Lile Aux Crayons 3
©L'île aux crayons

Personnalités authentiques du Livradois-Forez La poésie dans le crayon, mine de rien

Dans son atelier de l’Île aux crayons à Olliegues, Patrick Tourre se met en scène lors de visites pour mieux expliquer son savoir-faire. Autour du crayon.

L'importance du détail 

Comme avant d’entrer en scène, Patrick Tourre fume une dernière cigarette sur les bords de la D906 à Olliergues. En effet, devant son atelier l’Île aux crayons dans lequel le géant hirsute se prépare à tenir en haleine la vingtaine de spectateurs-visiteurs, l’artisan a le (bon) mot facile. Il arbore un sourire chaleureux derrière un masque chirurgical (Covid-19 oblige).

Une fois de plus, comme chaque année et plusieurs fois par jour, l’Ollierguois s’apprête à faire le show.

Pendant une heure, dans un mélange savant de bonhomie, d’humour et de pédagogie, Patrick Tourre présente en effet son activité. Dans laquelle il s’est lancé depuis plus de vingt ans. L’homme s’est installé à Olliergues au début des années 2000. Il y conçoit et façonne des crayons singuliers aux formes brutes. Ils ont la forme des branches d’arbre qu’il utilise.

« Mon travail consiste ainsi à fabriquer des crayons majoritairement dans du saule ou de l’osier », résume-t-il en préambule de sa longue démonstration. Dans la fraîcheur d’un atelier à son image : posters de Nougaro, des Rita Mitsouko aux murs, tapis anciens jonchés de copeaux de bois sur lesquels des bancs d’écoliers ont été alignés, sans oublier les effluves de bois des granges d’antan.

« Je suis un mec assez bordélique », concède un Patrick Tourre tout à fait conscient de l’importance du visuel. « Je ne voulais pas d’un intérieur à la “Mode et travaux”. Ici, chaque détail a son importance et je veux que les gens puissent ainsi se fixer sur un des objets. Certains sont volontairement camouflés. Il faut faire un effort pour être émerveillé. » Installé derrière son tour face au public, l’artisan poursuit ses explications.

« Je vais chercher mes bois dans la nature alentour, explique-t-il. Je découpe des petits morceaux de 22 centimètres. Avec une mèche à bois je perce d’un côté et de l’autre pour y introduire deux mines, une dans chaque orifice. »

Vient ensuite la pratique. Penché sur son tour, l’artisan au nom prédestiné, effectue devant l’assistance le geste reproduit à l’infini ou presque. Chaque année, Patrick Tourre produit ainsi jusqu’à 6.000 crayons par an et à la main.

Devant un public conquis qu’il n’hésite pas à questionner ou provoquer en douceur dans un tutoiement de rigueur, l’homme digresse sur l’essence des arbres, leur couleur.

« Cet arbre est noir mais lorsqu’il est encore vert, il est rouge », ou encore l’aspirine. Sans oublier de tourner autour du pot… de crayons.

Preuve à l’appui, on apprend donc que la mine ne se casse pas quand le crayon tombe.

« Elle se casse quand on le taille », assure-t-il. Comment aussi tailler correctement l’objet : « Il faut tourner le taille-crayon et non le crayon. »

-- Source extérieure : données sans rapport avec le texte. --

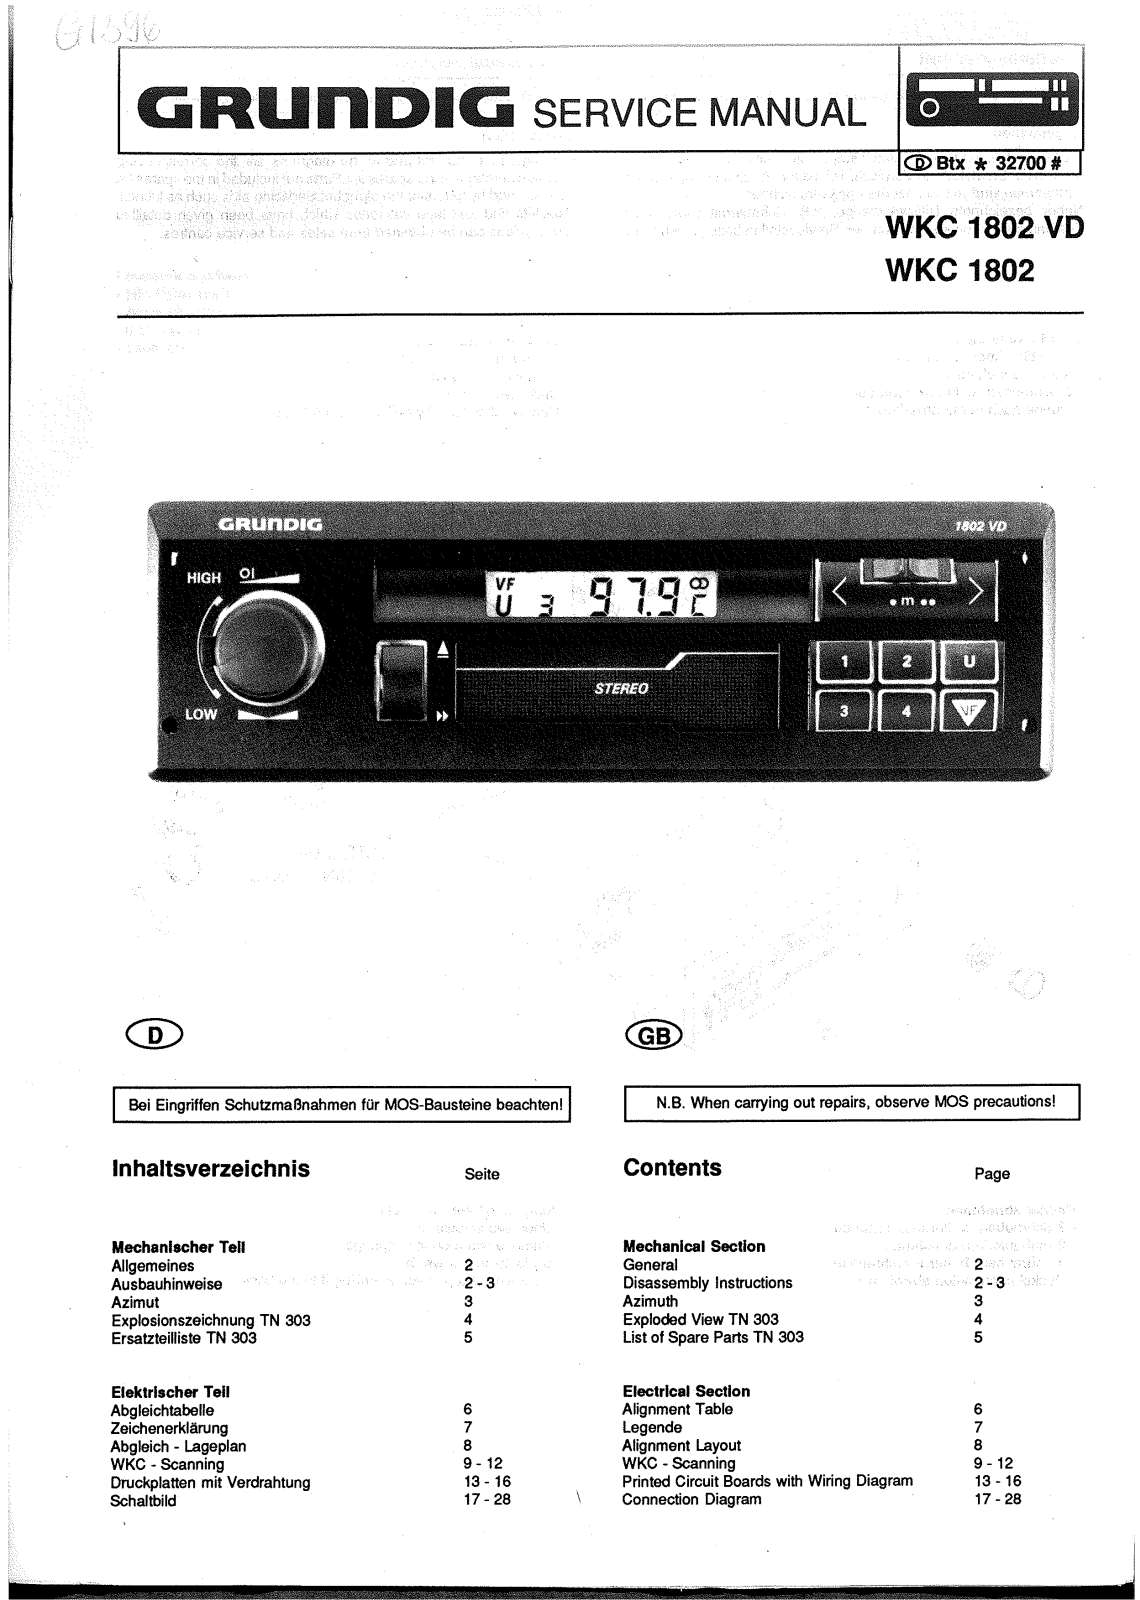 Grundig WKC-1802-VD, WKC-1802 Schematic

Le crayon : un objet poétique 

En à peine une heure, et mine de rien, Patrick Tourre réussit à faire de cet objet utilitaire et tombé un peu en désuétude, un sujet étonnant et poétique.

Comme un prolongement de la main et de la pensée, les crayons sauvages, jamais rectilignes de Patrick Tourre sont à l’image de son concepteur.

Humaniste et libre, l’ancien baroudeur (né en Tunisie, revenu en France puis parti en Afrique, ayant aussi travaillé sur des plateformes pétrolières), fait fi des conventions et se méfie notamment du rapport marchand. À travers la visite de son atelier, hors du commun, il donne aux visiteurs la possibilité de comprendre son travail. Tente d’insuffler l’envie et donc le plaisir d’acheter à la fin de la visite ses crayons aux noms. Eux aussi farfelus comme le « Tutti color » ou le « Zigotto ».

Pari réussi encore cette fois-ci. Chacun repart avec un crayon de Patrick Tourre. Comme un petit bout de cet artisan singulier.

Pratique : Cet été, les visites et démonstrations de l’atelier de l’Île aux crayons à Olliergues se déroulent jusqu’au vendredi 21 août : les lundis, mardis, mercredis et jeudis à 15, 16, 17 et 18 heures (ouvert samedi 15 août). La boutique reste ouverte les vendredis de 14 à 19 heures.